Cem YILDIRIM
30 Ağustos tarihinde gerçekleştirilen Kara Harp Okulu mezuniyet töreninde, genç teğmenler Ebru Eroğlu ve Talip İzzet Akarsu’nın “Mustafa Kemal’in askerleriyiz” şeklinde yemin ederek kılıç çatmaları sebebiyle ihraç edilmeleri talep edildi. Bu iki teğmenin, Yüksek Disiplin Kurulu’na (YDK) sunduğu savunmalar, tartışmaların merkezinde yer aldı. Teğmen Akarsu, kılıç çatma anının profesyonel bir fotoğraf makinesiyle çekildiğine dikkat çekerek, “Bu ortamda fotoğraf makinesi olan kişi, okulun kameramanı Murat Bey’dir. Murat Bey’in kılıç çatma fotoğrafını sosyal medyaya bilinçli bir şekilde yayımlayacak birine gönderdiğini düşünüyorum,” ifadelerini kullandı.
Olayın başka bir boyutu ise okul birincisi olan Ebru Eroğlu tarafından ortaya konuldu. Eroğlu, savunmasında kendilerine verilen emrin, “resmi” törende subay andının okunmaması olduğunu belirterek, kılıç çatma ve ant okuma eylemlerinin resmi törenden sona erdikten sonra gerçekleştirildiğini kaydetti. Bu durumu açıklarken, kılıç çatmanın planlı olmadığını düşündüklerini ve bu nedenle izin almaya gerek görmediklerini vurguladı. Eroğlu, şunları ifade etti:
İHANET EDECEK DEĞİLİM
“Beni 5 yıl boyunca eğiten kuruma asla ihanet edecek bir kişi değilim. Biz vatanını ve milletini seven; Atatürk’ün izinden yürüyen ve harbiyeli ruhunu taşıyan subaylarız. Başka türlü olamazdık ki? Bu olayın arkasında bir kumpas aramak ve organizasyon düşünmek, ülkenin geleceği hakkında olumlu fikirleri olan bizler gibi iyi yetişmiş subayları üzmektedir. Eğer süreç sonunda herhangi bir arkadaşım zarar görürse, o grubun dışında kalmayı kesinlikle tercih ederim.”
Ebru Teğmen: Ant için bir yasak yoktu
İhracı istenen Teğmen Ebru Eroğlu, kılıç çatma olayının yasak olmadığını düşündüğünü belirtti ve devre birincisi olarak bu andı okuduğunu ifade etti.

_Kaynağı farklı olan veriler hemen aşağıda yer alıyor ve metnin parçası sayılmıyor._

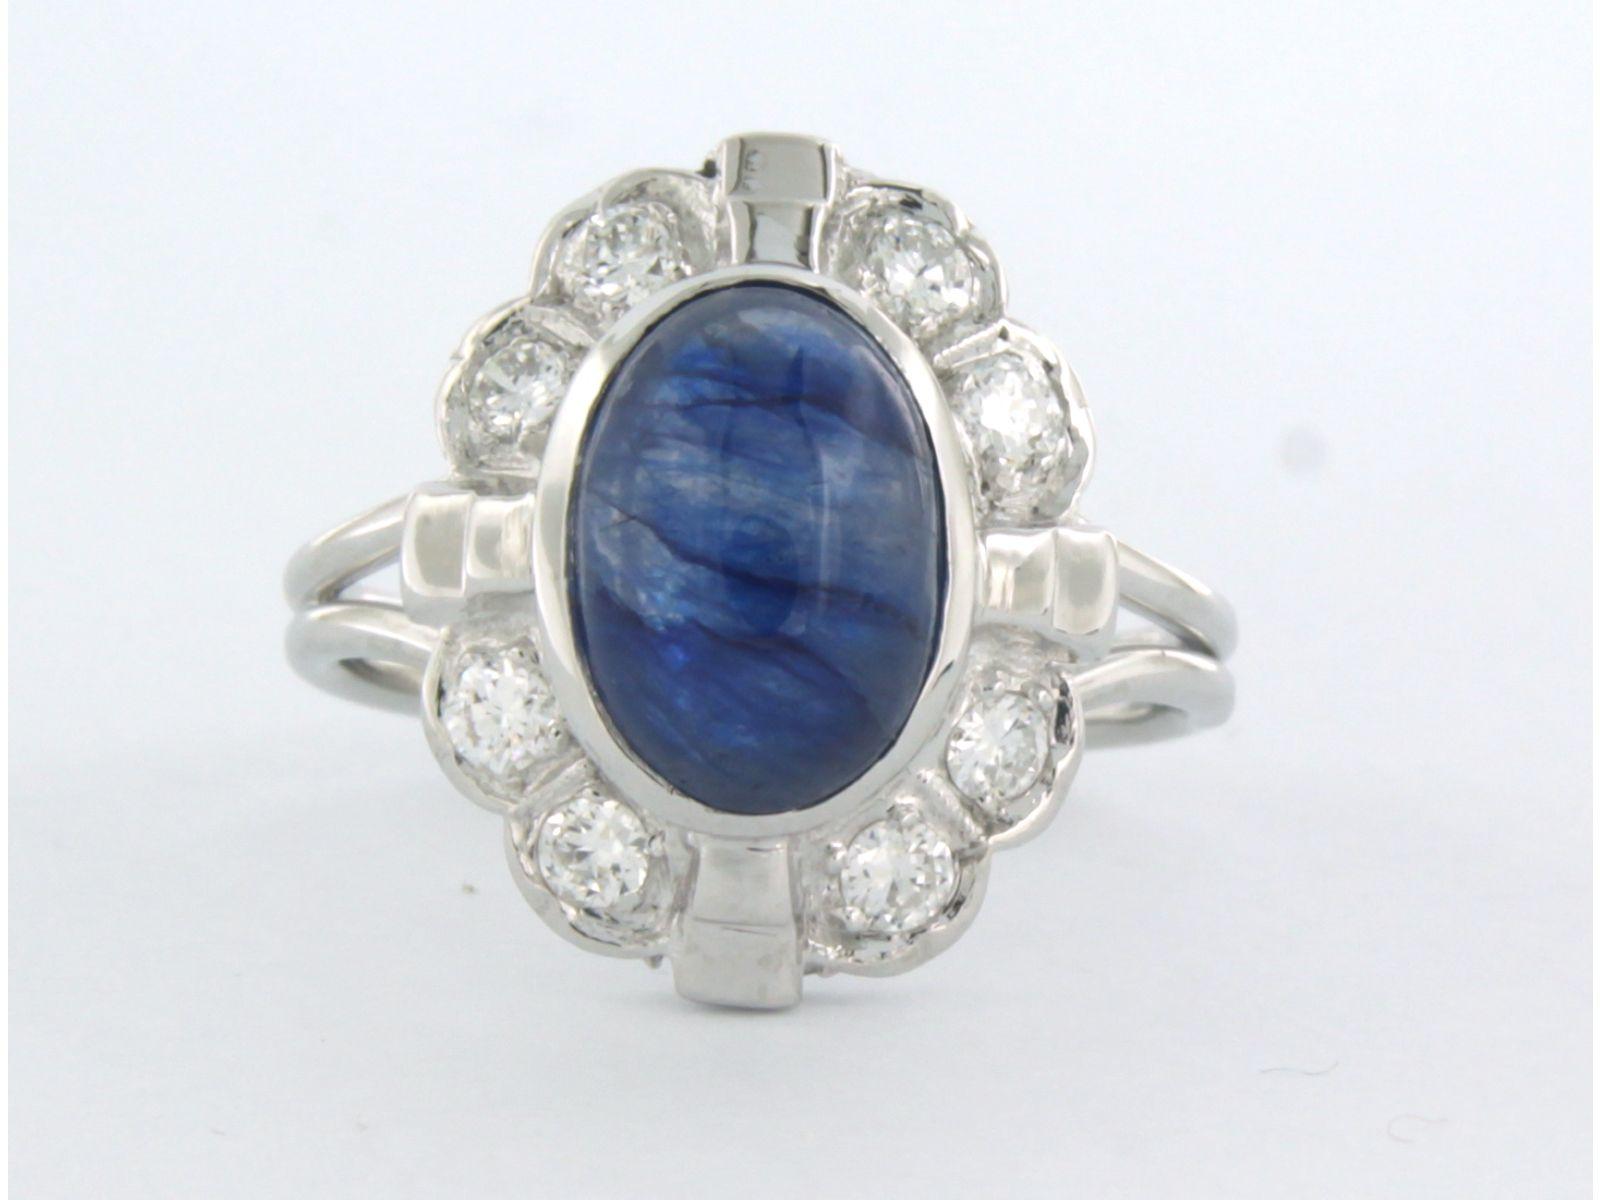 14k white gold cocktail ring set with a central sapphire and an entourage of brilliant cut diamonds. 0.48ct - F/G - VS/SI - ring size U.S. 7.25 - EU. 17.5 (55)

detailed description:

the top of the ring is oval in shape, 1.8 cm by 1.4 cm wide, and

Ayrıca, sosyal medya hesabından yaptığı “Yaşa var ol Harbiye!” paylaşımına ilişkin olarak da Dekan Yardımcısı Arif Sarı’nın önerisi doğrultusunda bu paylaşımı yaptığını, ama daha sonra başkası tarafından söylenmiş bir ifadeyi kullanmanın kendisine yakışmadığını düşündüğü için bu paylaşımı sildiğini belirtti.
Olayın sosyal medya üzerindeki yankıları ve disiplin soruşturması, askeri okulların disiplin yapıları ve gelenekleri üzerine çeşitli tartışmalar başlattı. İki teğmenin savunmaları, askeri eğitim ve vizyonun yanı sıra, kişisel inançların ve ifadelerin nasıl bir araya geldiğini sorgulayan çok katmanlı bir mesele oluşturdu. Kılıç çatma ve ant okuma gibi eylemlerin, askeri gelenekteki önemi ve anlamı, bu durumun gelecekte benzer olaylara nasıl yansıyacağına dair sorulara yol açtı.
Sonuç itibariyle, bu olay, askeri disiplin ve bireysel ifade özgürlüğü arasında bir denge bulma çabasını yansıtırken, Türkiye’deki askeri kültürün evrimine dair önemli bir tartışma başlattı. Askeri camiada, bu tür meselelerin nasıl ele alınacağı, gelecekteki katılımcılar üzerinde derin bir etki bırakabilir.